Drop That 35 Jobs Talking Point

I know that opponents of the Keystone XL pipeline love to use the talking point that the project will only create 35 permanent jobs, all aimed at maintaining it. It strikes me as a ridiculous figure, however, and if true a major problem. The project envisions a pipeline that would traverse parts of nine states. Could it be maintained with an average of less than four people per state? The thing is going to need routine maintenance, which ought to require more than 35 people to carry out, and what about when it springs a leak? And what about the people who have to monitor the flow and the people who have to offload the tar sands? And the people who have to oversee it all. And the folks that have to worry about legal compliance issues in nine states plus with the federal government?

Whatever you think of the environmental impact of the project, it will involve the movement of very valuable materials that will sell for billions of dollars. Even if almost all the money is sucked up by foreign owners, there ought to be at least some pittance left over that would create some downstream economic activity that creates some jobs.

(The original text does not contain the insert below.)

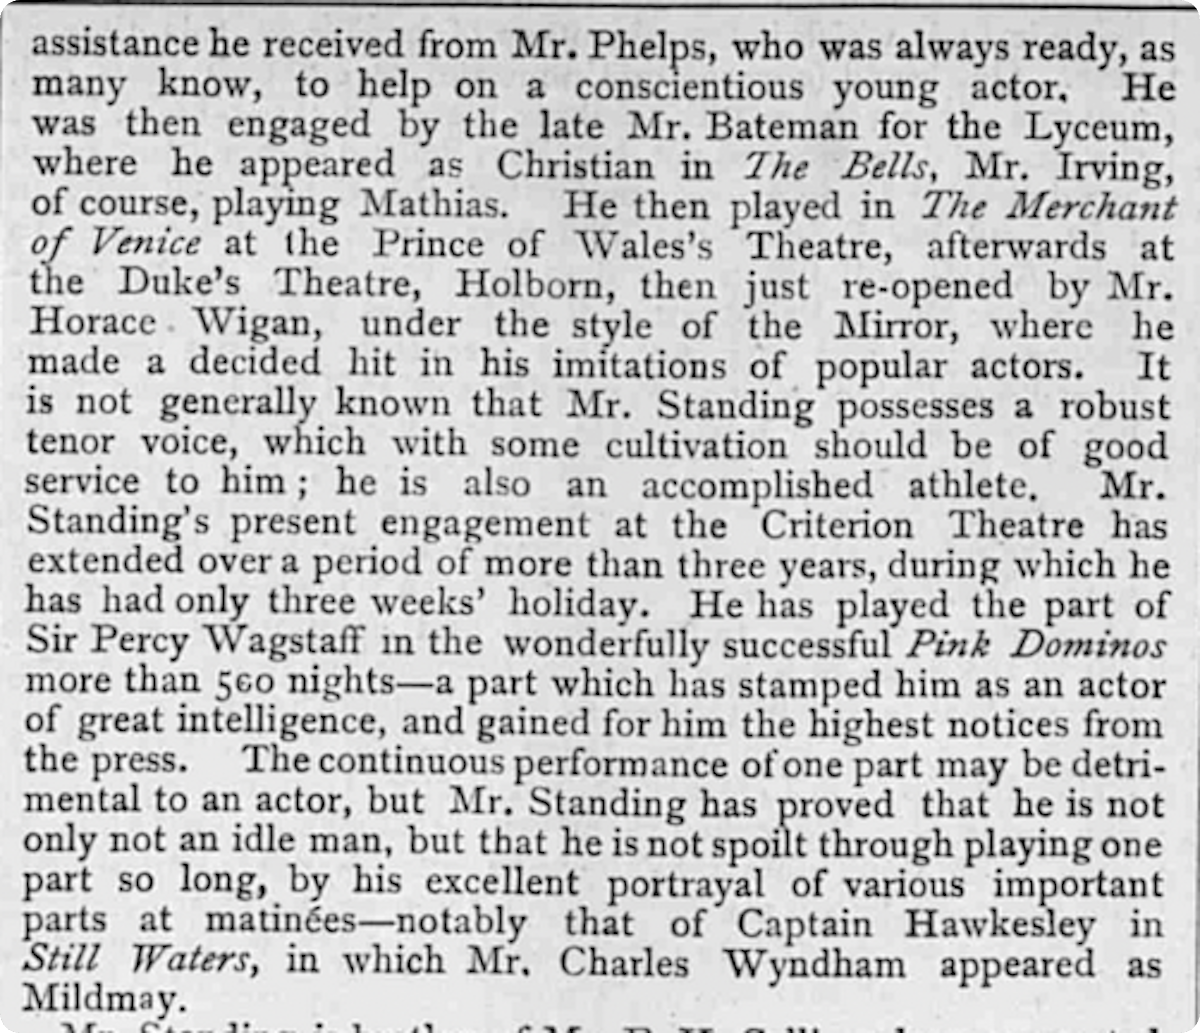 A newspaper extract describing Herbert Standing acting career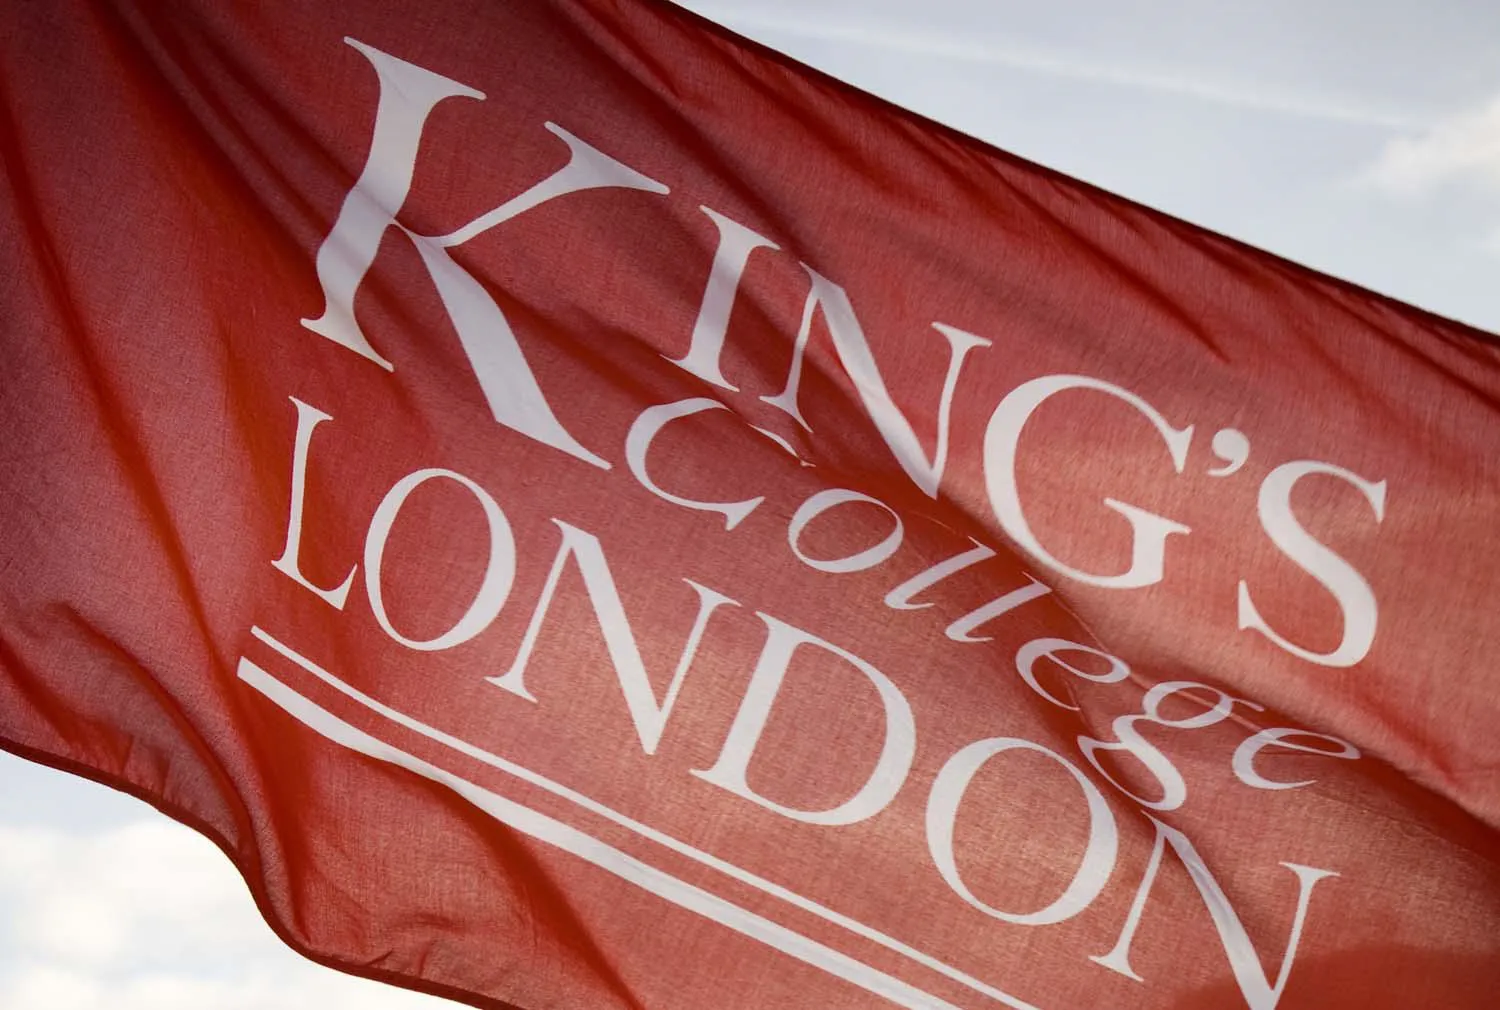 King's flag London

If the point is that the pipeline is not going to create enough jobs to make any dent in the unemployment rate (certainly not 42,000 enduring jobs) and that it isn’t worth the risks and costs, then that’s fine. But when you are using a talking point repeatedly that even makes my eyes roll, I’d suggest that you aren’t convincing anybody.

The proper counter to a ludicrous claim is not another ludicrous claim. Make the claim work for you. Try this:

“Can you believe that TransCanada only plans to hire 35 employees and fifteen contractors to protect a 2,151-mile pipeline that traverses nine states?”

“What about the terrorists? If we can’t keep Ebola out of Texas how can we expect to keep ISIS from blowing up the pipeline? Unless those contractors are Navy Seals, we’re screwed.”

In other words, the problem with the project is that it will kill us all. And not because of the environment.